An airworthiness directive (AD) that takes effect March 9 will require inspections of about 1,520 early model Cessna 210 single-engine airplanes for carrythrough spar corrosion in the aftermath of a wing-separation accident in 2019.
The AD “requires a one-time visual inspection of specified areas on the carry-thru spar lower cap and an eddy current inspection of the lower cap kick area and any locations where corrosion was removed.” The inspection’s results must be reported to the FAA, which will use the data to determine any further action.
On May 26, 2019, the wing of a Cessna T210M separated while the aircraft was conducting a low-altitude aerial survey flight in Australia. “A visual examination of the fracture surface identified fatigue cracking that initiated at a corrosion pit,” the AD notes.
Soon after the accident, AOPA reported that the FAA had issued an airworthiness concern sheet to gather information from operators of Cessna 177 and cantilever-wing Cessna 210s about any history of cracking of wing carrythrough spars.

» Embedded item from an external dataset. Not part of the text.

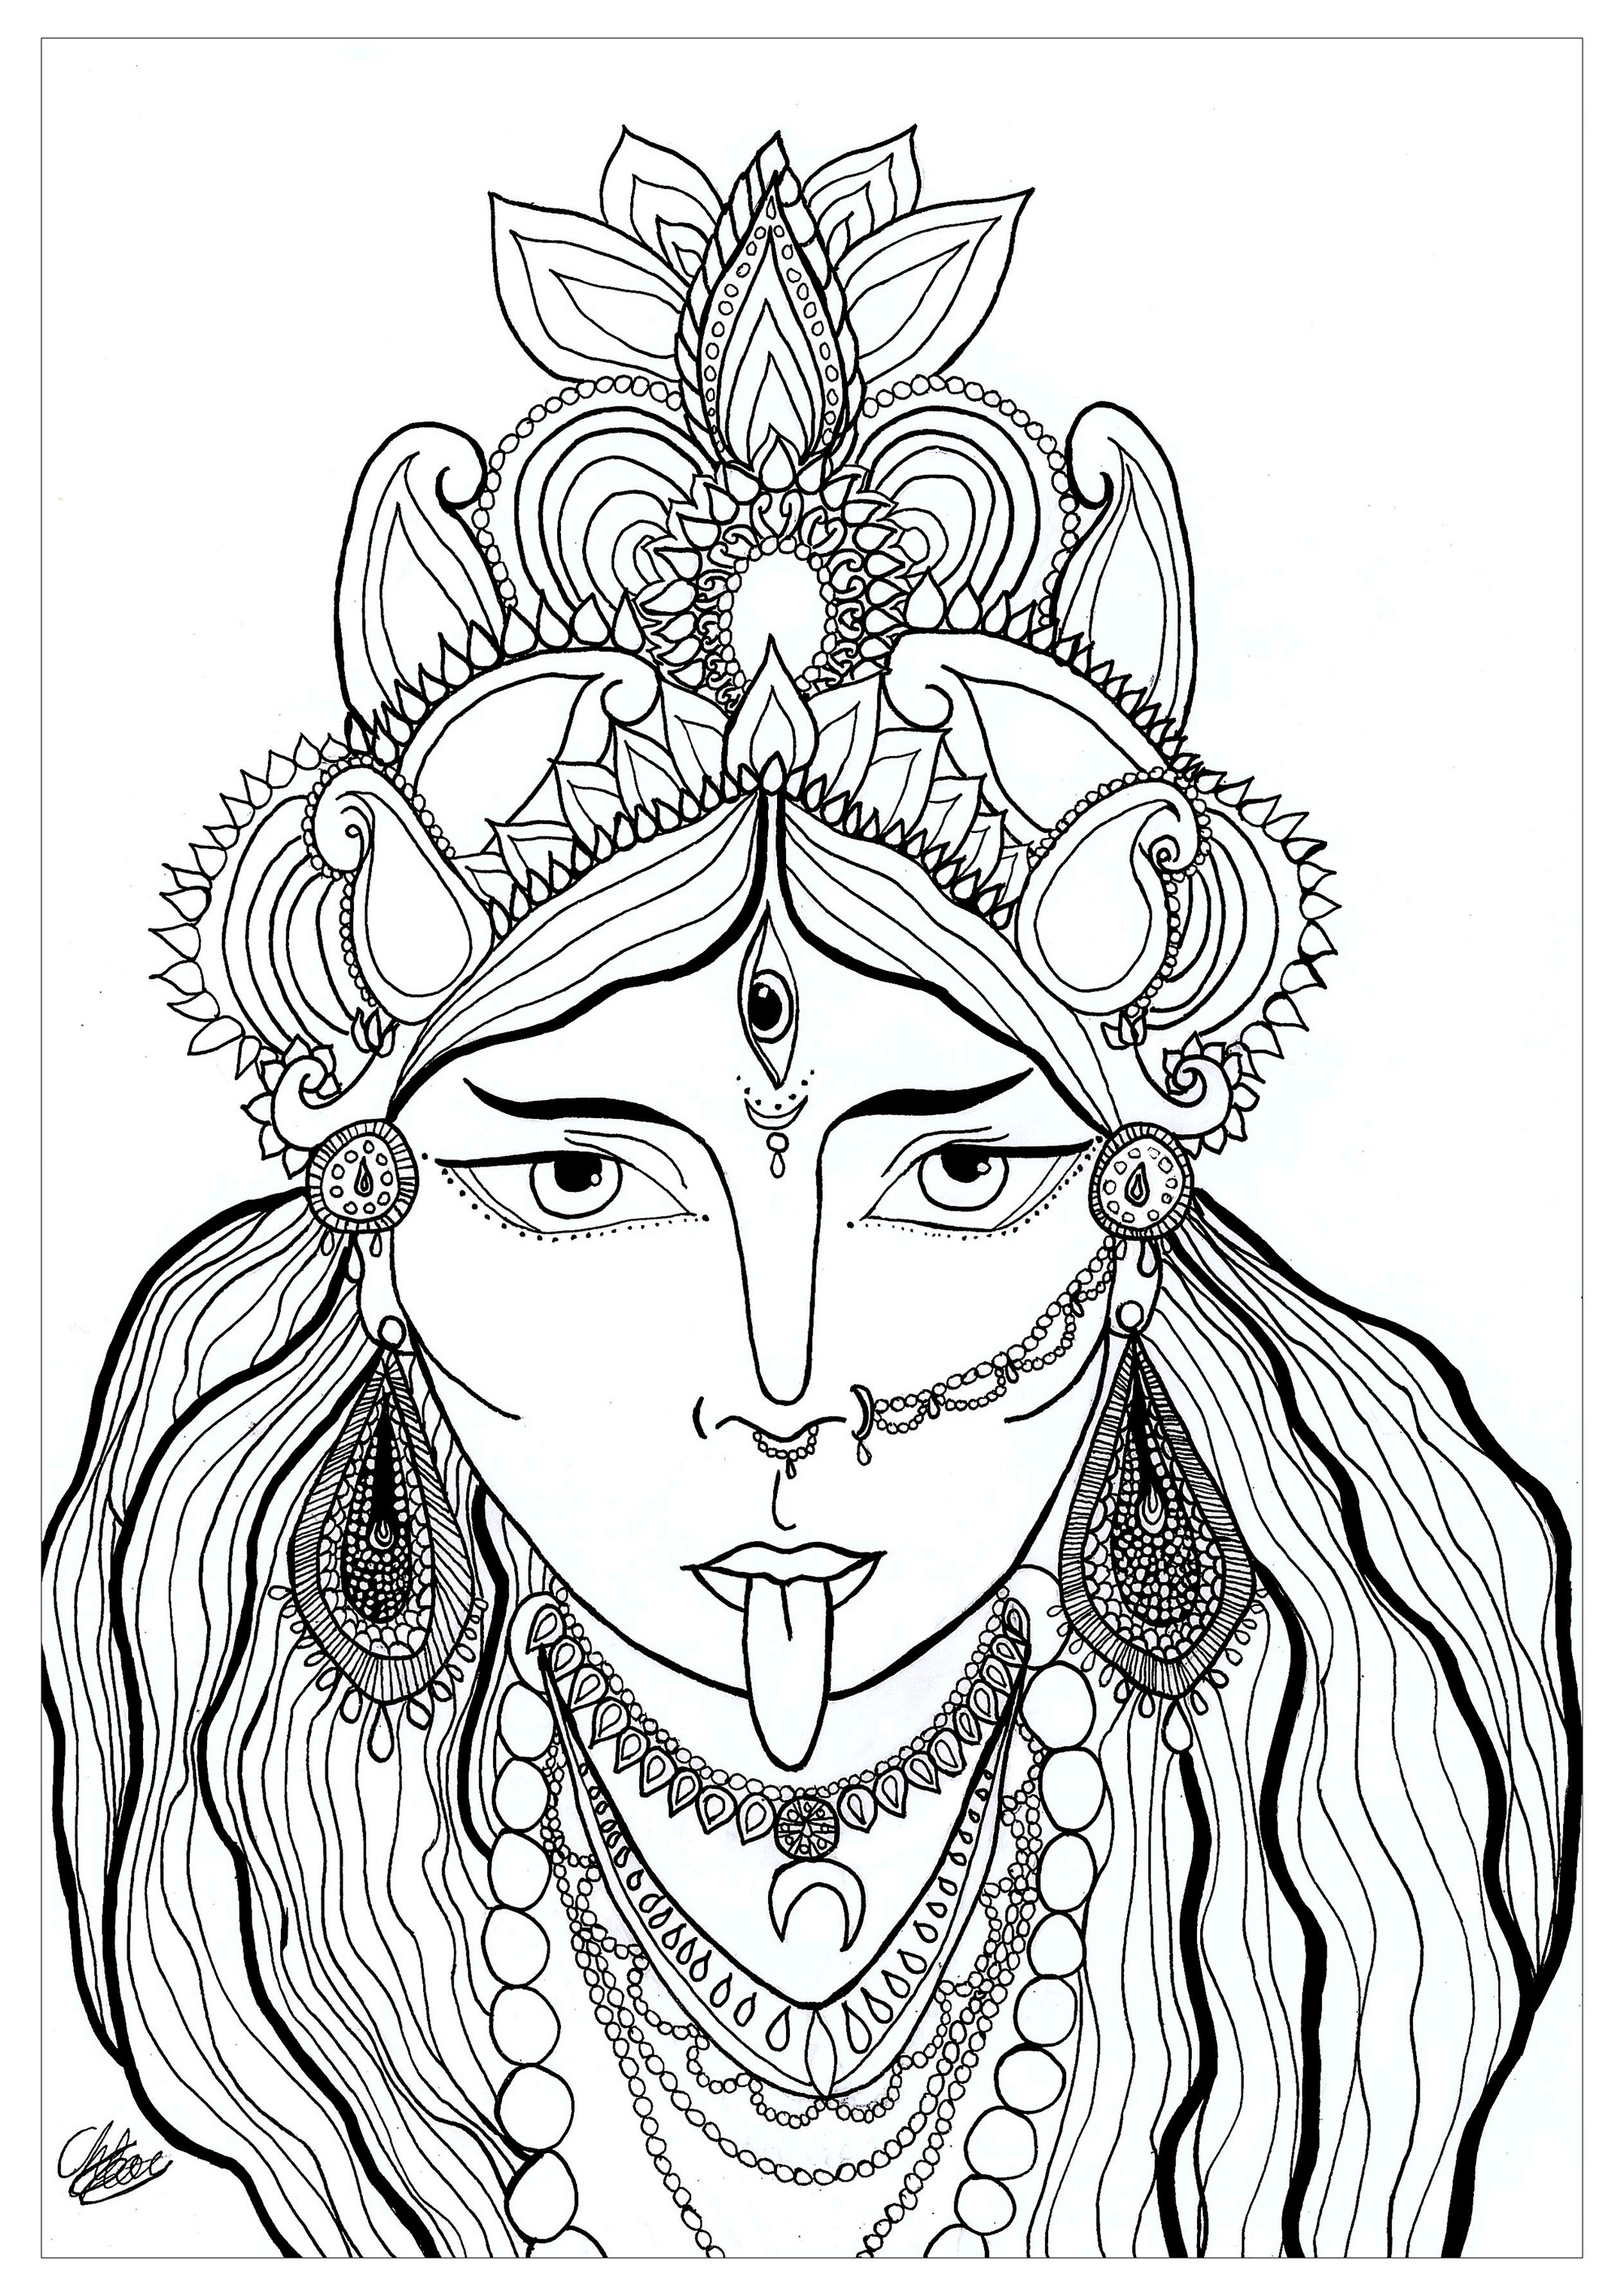 Coloring page of the goddess Kali. Kali is a Hindu goddess worshipped as a manifestation of Shakti, the feminine creative power. Depicted with a terrifying appearance, she symbolizes time, the destruction of evil and transformation, playing a major role in Hindu tradition.

Subsequently, “the FAA received reports of widespread and severe corrosion of the carry-thru spar on Models 210G, T210G, 210H, T210H, 210J, T210J, 210K, T210K, 210L, T210L, 210M, and T210M airplanes. Further investigation identified that these early model airplanes were manufactured without corrosion protection or primer, increasing their susceptibility to corrosion.”
The agency estimates the cost of compliance with the AD’s inspection and reporting provisions at $1,827.50 per aircraft.
Although the AD is a final rule not preceded by a public comment period, comments may still be submitted by April 6 online or by mail to U.S. Department of Transportation, Docket Operations, M–30, West Building Ground Floor, Room W12–140, 1200 New Jersey Avenue SE, Washington, DC 20590.
Please include Docket Number FAA–2020–0156 and Product Identifier 2019–CE–053–AD at the beginning of your comments.